Cyber Incident Victim: UOB KayHian

In October 2022, Malaysian stock brokerage firm UOB KayHian experienced a cyberattack claimed by the DESORDEN GROUP. The attackers reported accessing 159,807 records containing customer and internal user data, including full names, genders, religions, birthdates, nationalities, identity card (IC) numbers, passport details, email addresses, phone numbers, and physical addresses. Additional compromised information involved dealer records and back-office user details. DESORDEN stated they focused exclusively on data extraction without attempting file encryption, deletion, or system disruption. The group contacted UOB KayHian regarding the breach but received no response despite confirming the firm had read their communications. DESORDEN publicly disclosed the incident on a hacking forum in late October, ending a period of reduced public activity by the threat actor.

UOB KayHian did not acknowledge the breach publicly or respond to inquiries from media outlet DataBreaches following DESORDEN’s disclosure.
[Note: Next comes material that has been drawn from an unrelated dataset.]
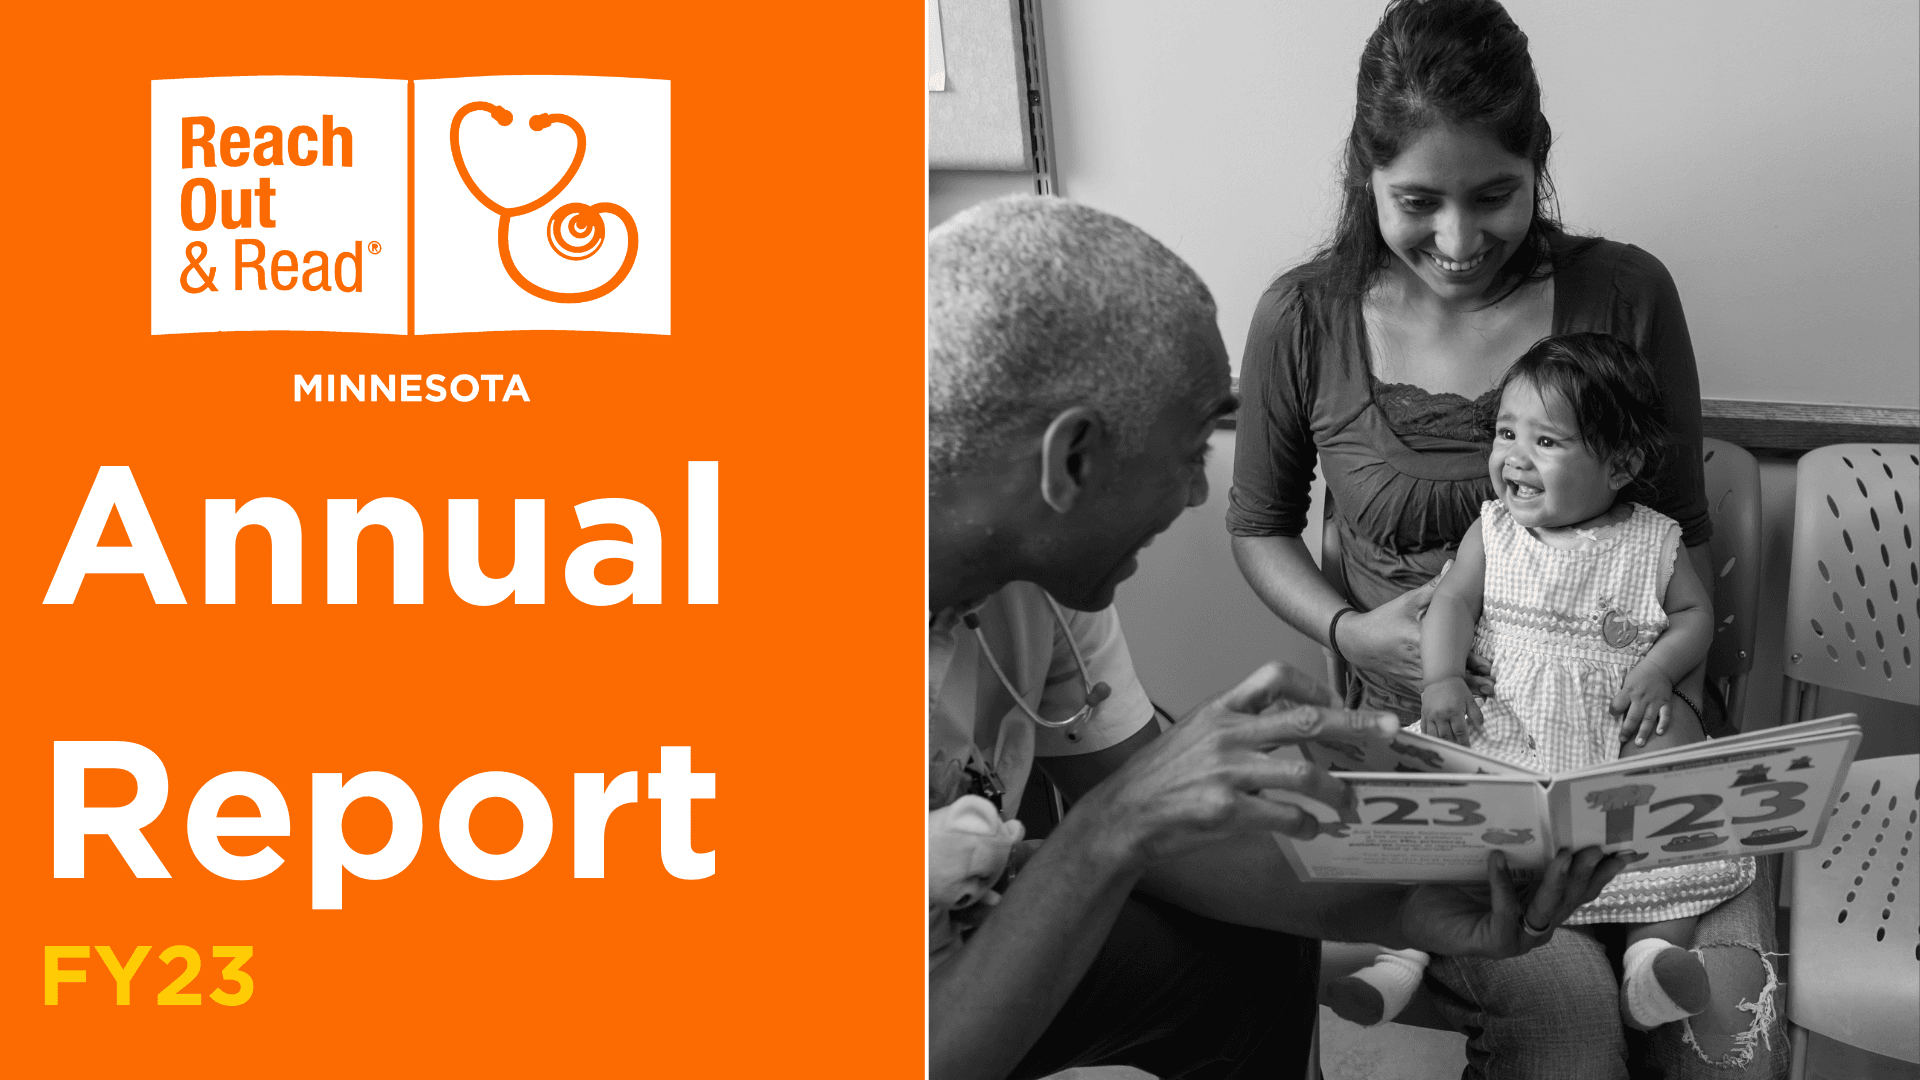 Left side of image has the Reach Out and Read Minnesota logo and the text "Annual Report FY23." Right side has a picture of a doctor and baby smiling at each other over a book, while the baby sits on her mother's lap.
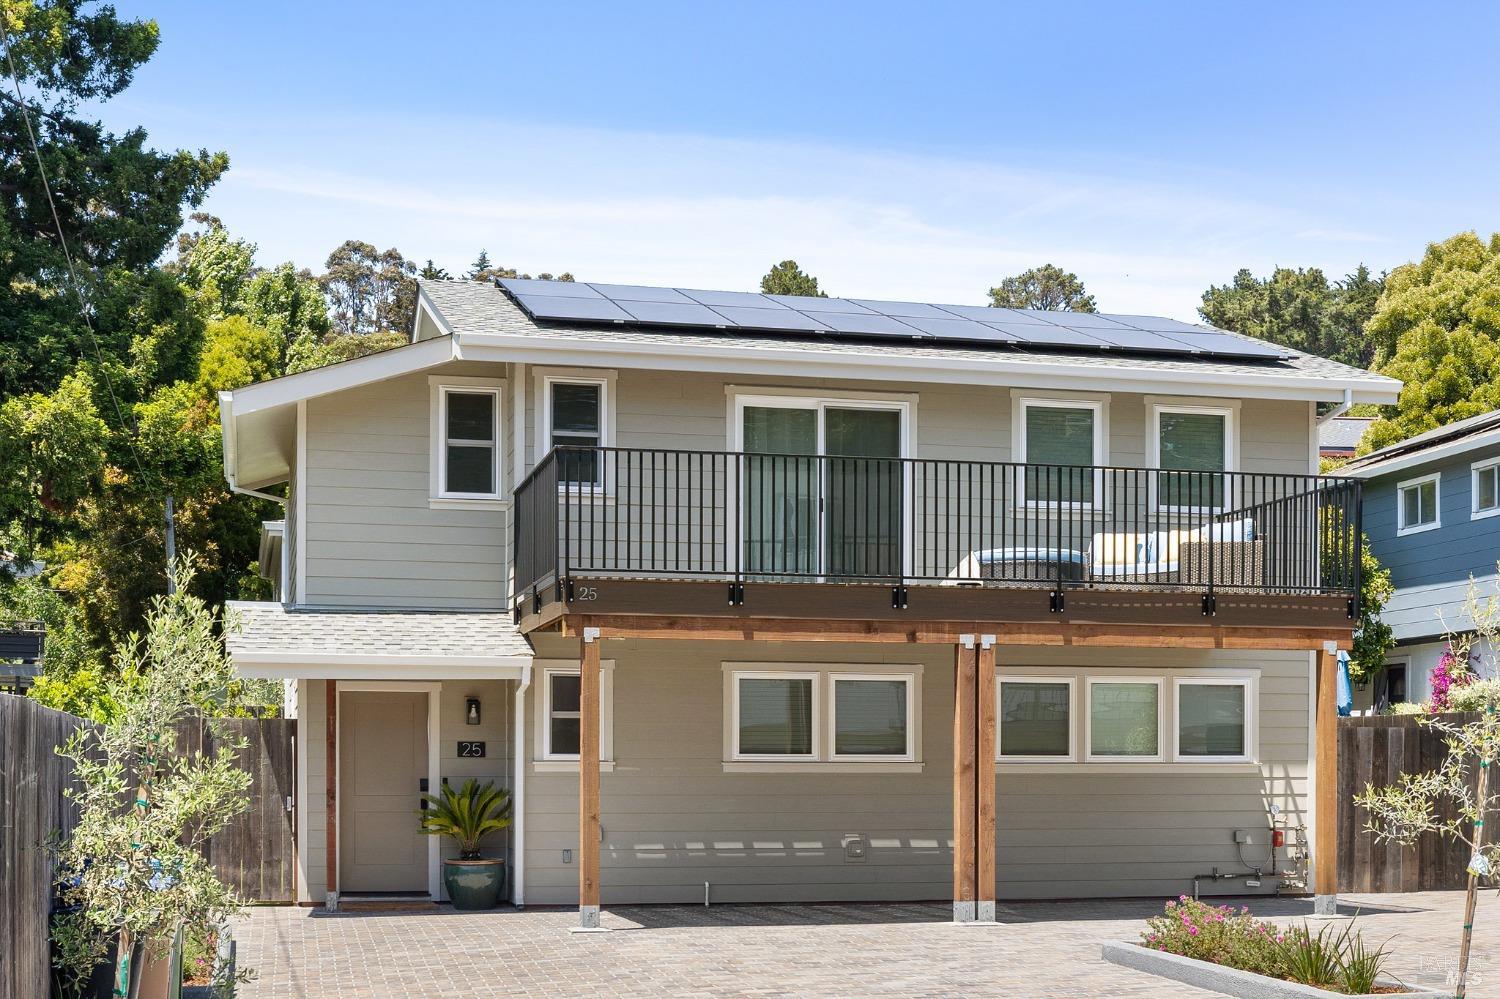 Photo of 25 Knoll Ln in Mill Valley, CA

On October 18, 2022, the firm published a generic security advisory on its website titled "Notice – UTRADE Security Advisory on Safeguarding Digital Privacy *NEW*," though no direct link to the breach was confirmed. DataBreaches noted concerns that exposed credentials and personal information in the stolen data—including usernames, passwords, and contact details—could facilitate unauthorized account access or targeted phishing campaigns against customers. The lack of explicit customer notification about the breach raised questions about mitigation effectiveness, as the advisory did not reference compromised data or recommend credential changes. DESORDEN maintained possession of the exfiltrated data, with no evidence of deletion or ransom demands disclosed in available reports.